Мы раскатали на земле большой рулон рубероида и  стали отмерять куски, необходимые для покрытия крыши. Потом большими портняжными ножницами отрезали их, подносили к площадке и, затаскивая по лестнице наверх, передавали Фёдору. Он раскатывал рубероид тут же по крыше и забивал молоточком реечки на месте шва. За полдня крыша уже была покрыта.
      - Ну вот, теперь уже дождь не страшен,- сказал он,- можете спокойно ночевать.
После работы, собравшись у костра, обсуждали проблемы дальнейшего строительства.  Громадины-сосны о чём-то переговаривались, наполняя воздух ароматом, а наши сердца покоем и умиротворённостью.  Фёдор, глубоко вдыхавший в себя  табачный дым, напоминал мне лесного хозяина, круглое, доброе лицо Веты - сказочного Оле -Лукойе, Лена - монашку, по ошибке прибившуюся к нашему очагу. Костёр, прозрачный шалашик, домик — чудеса, внезапно  осветившие мою жизнь. Мои поездки в пригород стали частыми.

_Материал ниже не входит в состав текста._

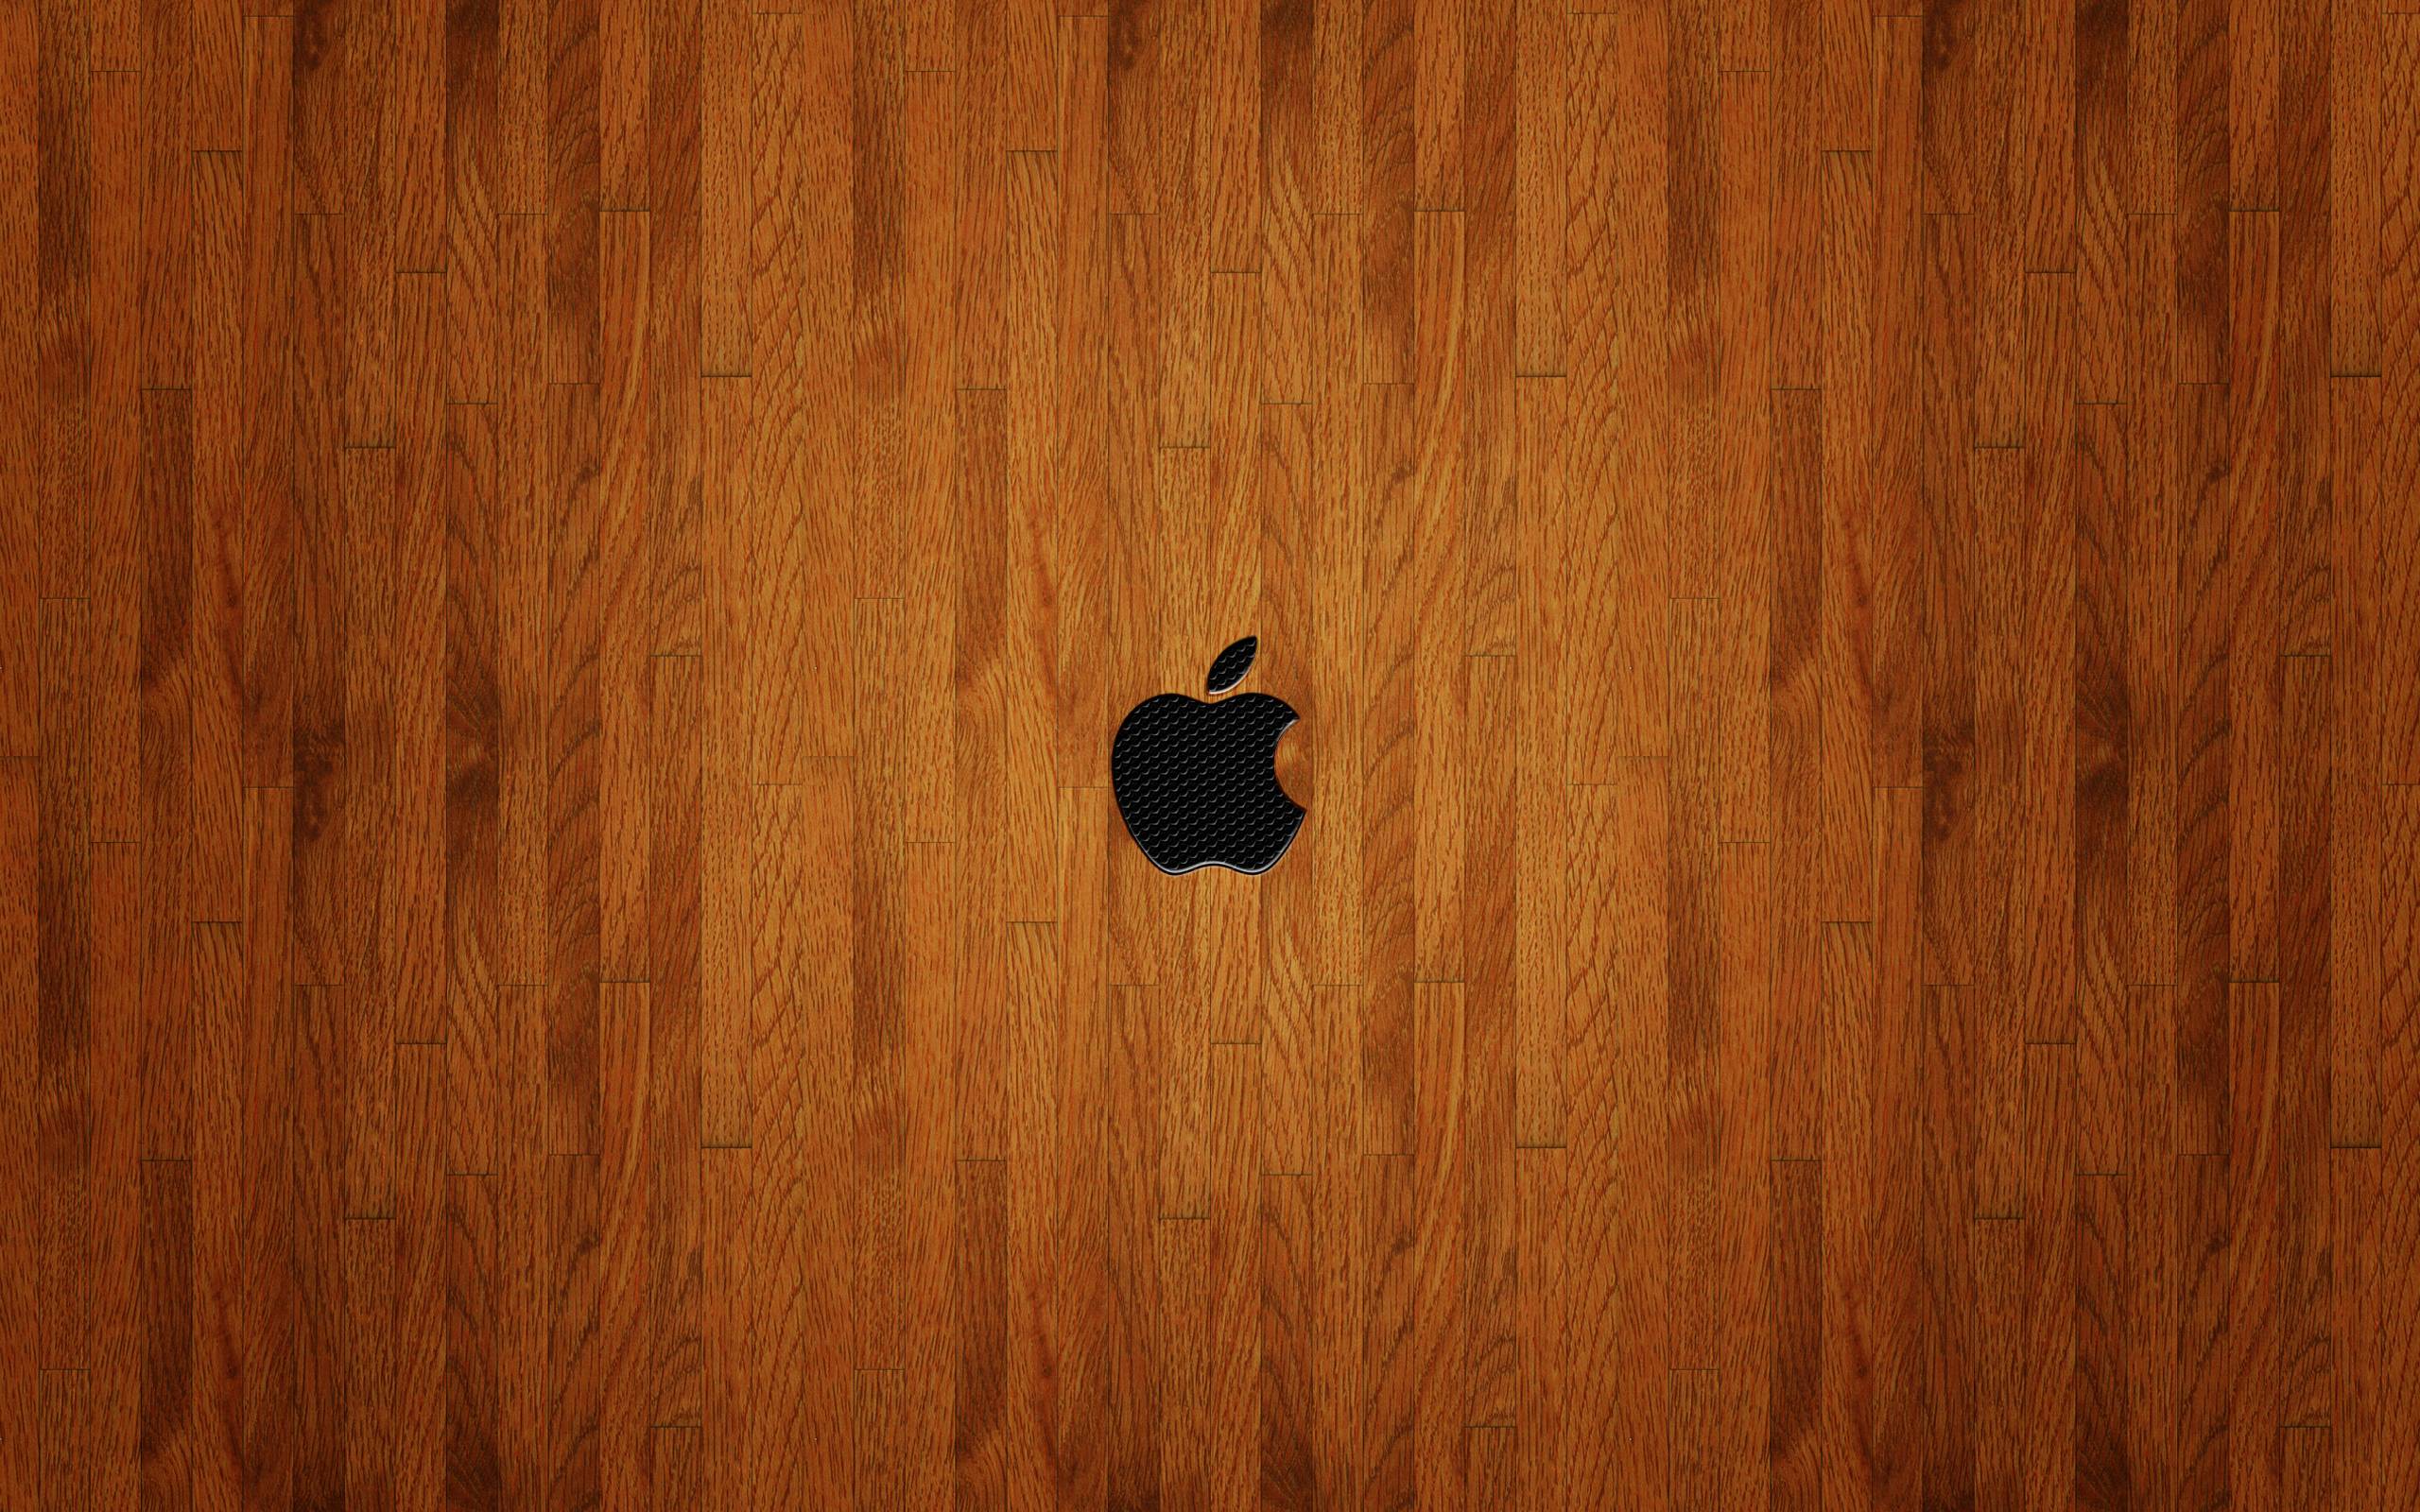 Apple Mac OSX Wooden Effect HD Wallpaper Wallpaper Free
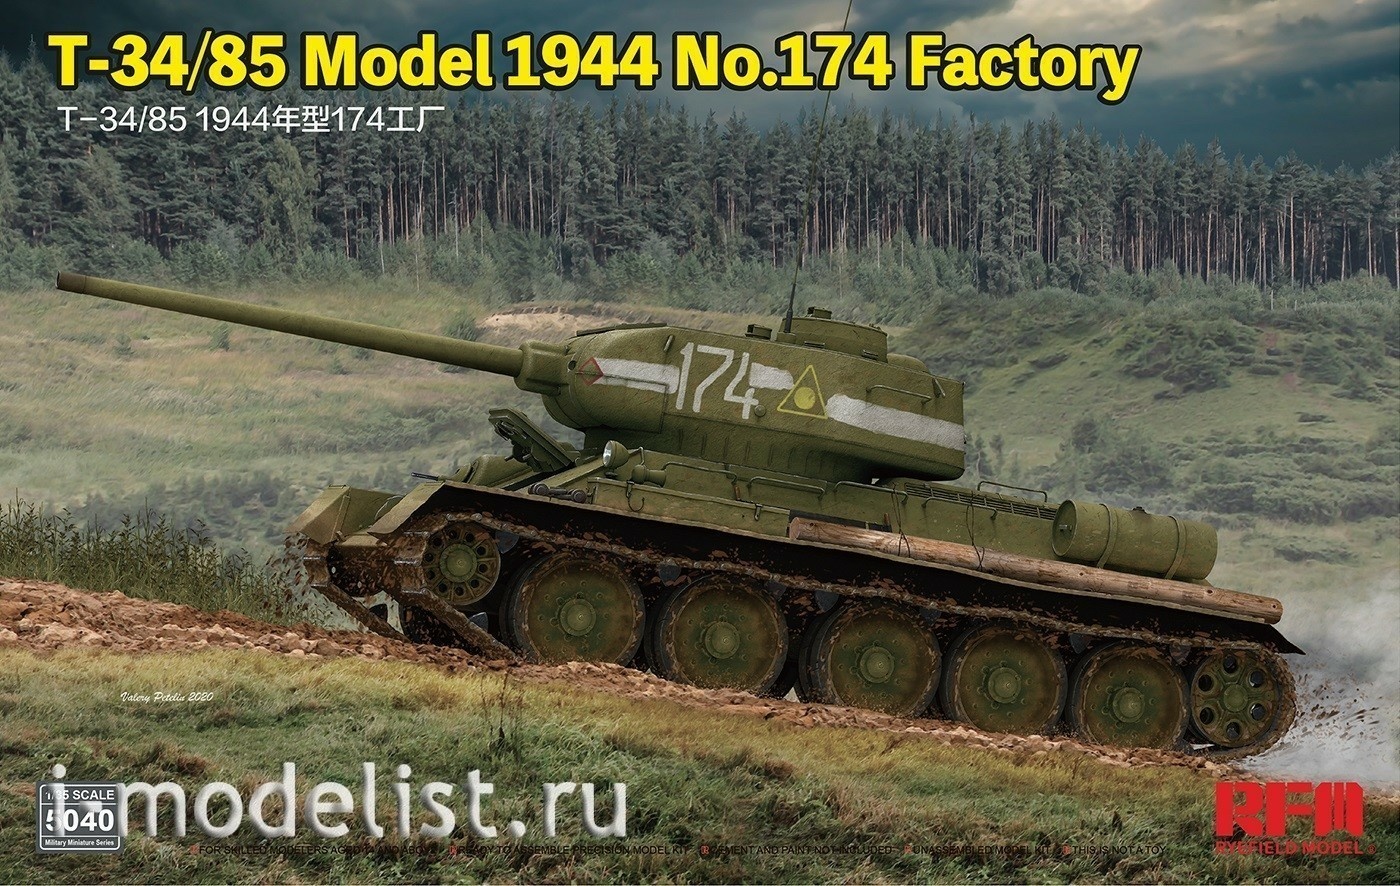 RM-5040 Rye Field Model 1/35 Советский танк Т-34-85 1944 года, завод № 174 Омск

 С Леной мы были знакомы давно. В то время она была совсем другой: пела, играла на гитаре. Особенно тонко чувствовала бардовскую песню и лирику русского романса. Тогда, помню, все восхищались её голосом. Невидимые душевные нити связали нас друг с другом.  Я узнала, что родители её, сестра и брат живут в Москве, а она, после окончания Лесотехнической Академии, осталась жить с бабушкой в Ленинграде и  никуда из полюбившегося ей города уезжать не собиралась. В ленинградской квартире был настоящий ботанический сад. Любовь к растениям передалась Лене от матери. Весной кухонька заставлялась коробочками с землёй, куда бережно сеялись семена, чуть проклюнувшиеся росточки  аккуратно пересаживались пёрышком от довоенной перьевой ручки в новые коробочки. Когда же приходил черёд расцвести всему этому благолепию, то невозможно было отвести глаз от азалий, лабелий  и всевозможных других цветочных сортов. Частично рассада высаживалась на даче, частично продавалась бабушкой Пелагеей, но чаще просто раздавалась друзьям и соседям, которым мать с дочкой не могли отказать.  Вета, справившись с рассадочными делами, погостив у матери и Лены месяц, снова уезжала в Москву. Там была семья: муж, старшая дочь и сын. Там была и дача, на которой Вета много и плодотворно работала. Так проходили годы.
  Беда пришла неожиданно. Тяжёлая болезнь, как гром с ясного неба, обрушилась на Лену. Лечение в клиниках на какое-то время снимало приступы, но излечить окончательно не могло. А Лена, будучи человеком творческим, не хотела сдаваться, Соседка по квартире   подрабатывала на кухне в церкви. . Увидев тяжёлое состояние Лены, взяла её с собой на  работу. Батюшка оказался понимающим человеком, ещё и потому, что жена его тоже страдала душевным недугом. Он направил Лену  к бабушке Нине. Бабушка Нина знала обо всём на свете. Попав к ней, Лена ощутила ауру любви и сострадания. Сильная бабушкина молитва  произвела чудо: начинающийся было приступ потух, душевные страдания отступили, Лена почувствовала облегчение. Она, по просьбе бабушки Нины,  выучила молитвы. Началось воцерковление. Постоянные молитвы, посты, службы, самоотверженная работа в церкви(батюшка официально оформил её озеленителем) полностью изменили Ленину жизнь. Изменилась она и внешне: вместо брючек, модных платьиц — длинная юбка, симпатичная коротенькая стрижка превратилась в косу, спрятанную под платок.  Новая жизнь, которую Лена приняла во имя спасения, была непонятна окружающим, подвергалась критике, пугала. После смерти бабушки Пелагеи, Лена осталась одна в квартире.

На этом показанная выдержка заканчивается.